PRATIQUE MATH

Accueil du site > APPROCHE PAR COMPETENCE ET SOCLE COMMUN > MATHEMATIQUES ET SOCLE COMMUN > Comment va-t-on s’y prendre collectivement pour mettre en œuvre le socle (...)

Comment va-t-on s’y prendre collectivement pour mettre en œuvre le socle commun ?

Cinq versions de pistes possibles ...

dimanche 9 janvier 2011, par Alfred Bartolucci


Nous avons pris la mesure sur les enjeux et la portée du socle commun. Des équipes ont travaillé à partir des grilles de référence et ont relu les programmes du Bulletin officiel spécial n° 6 du 28 août 2008. Beaucoup sont prêtes à s’engager mais constatent qu’il y a un abîme entre l’adhésion de principe à “l’idée de socle” et le passage à l’action.

  • Il y a de telles marges de choix pour commencer et celle-ci sont confrontées à des conceptions chez les acteurs si diverses
  • les changements induits notamment en matière d’évaluation semblent dans de tels écarts par rapports aux attentes sociales
  • le discours officiel référé au socle porte surtout sur le contrôle et le pilotage du système par contrat d’objectif : on ressent de la pression mais sans avoir de clefs.

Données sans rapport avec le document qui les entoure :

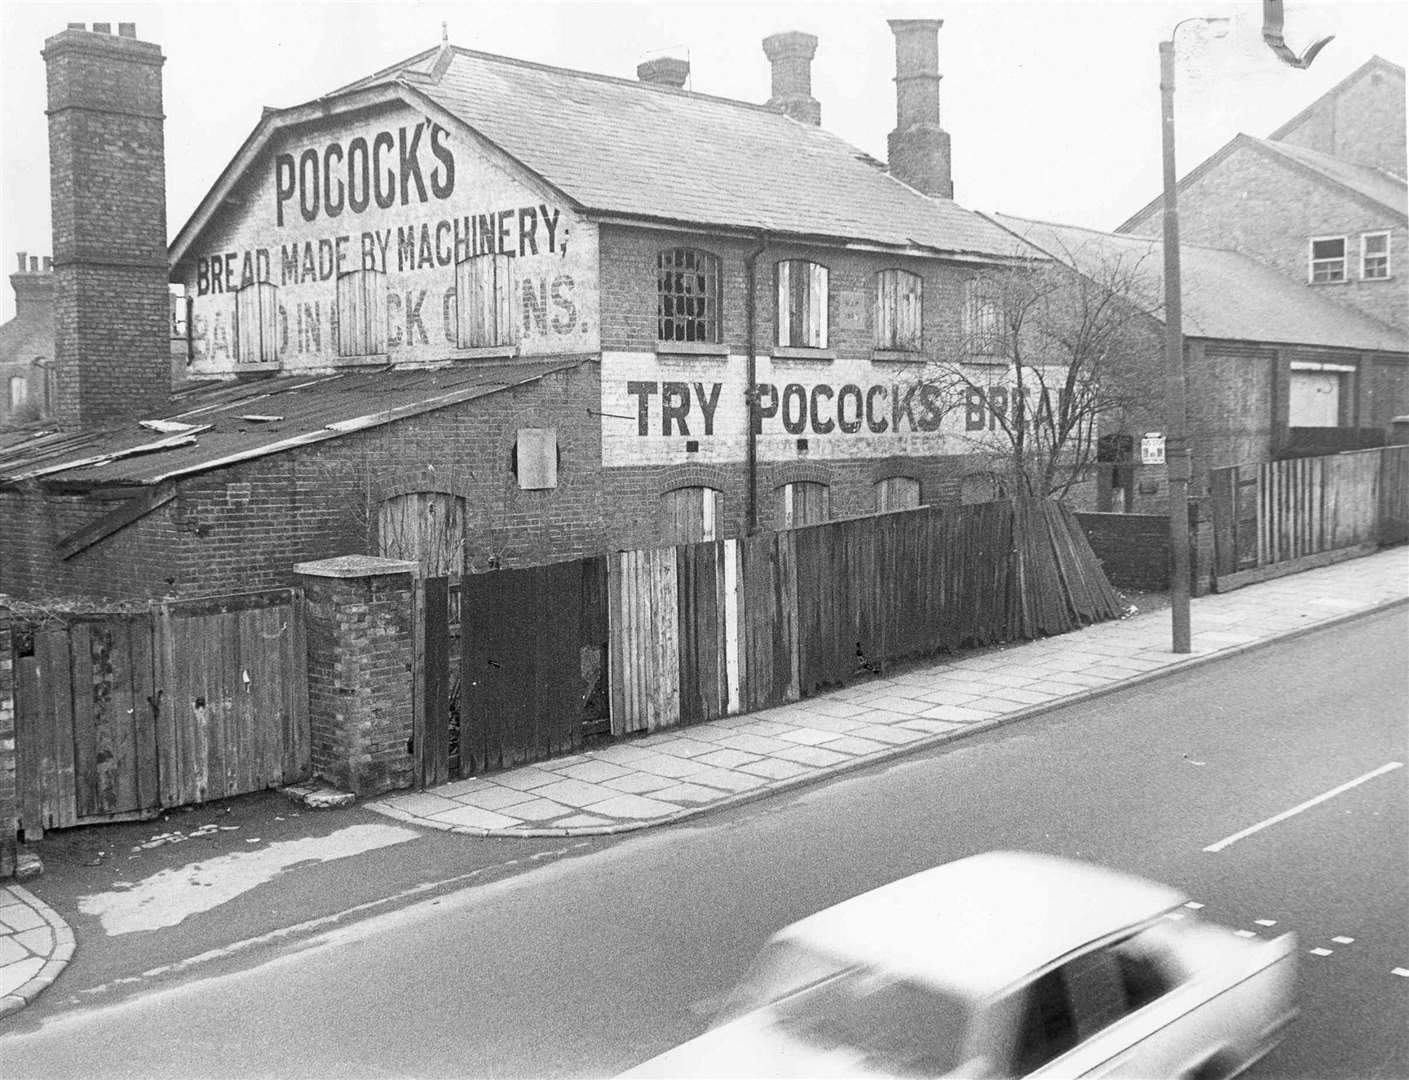 Pococks Bread Factory in Tonbridge Road, Maidstone, in 1970

Il y a un fort besoin de repères fiables pour agir de façon plus « assurée », la crainte de faire fausse route est forte. Les attentes par rapport à la circulaire ont été bien déçues :

  • Pour l’école, la circulaire déroule une mécanique assez classique :
    • Evaluations nationales
    • bilan objectif sur les difficultés comme sur les réussites de chaque élève et pour chacune des compétences
    • analyse des difficultés qu’éprouvent certains élèves dans les apprentissages
    • apports de l’aide la mieux adaptée aux besoins identifiés
    • en équipe ajustement de progression par rapport à une référence nationale.

Et ainsi, le nouveau livret scolaire attesterait la maîtrise des connaissances et des compétences du socle commun aux deux premiers paliers (fin du CE1 et fin du CM2). Mais travailler et évaluer par compétence, différencier les apprentissages et les évaluations au delà de l’accord sur le discours (à supposer que cela ne fasse pas débat dans les équipes), jusqu’où aller, et comment y aller ? La palette des possibles est large, les influences et les pressions auxquelles sont soumis les enseignants sont multiples, le risque de confusions est grand, le flou est réel. Les équipes ont besoin de repères pour penser leur organisation pédagogique, comme c’est leur métier, mais le cadre d’action se doit d’être davantage précisé et sécurisé.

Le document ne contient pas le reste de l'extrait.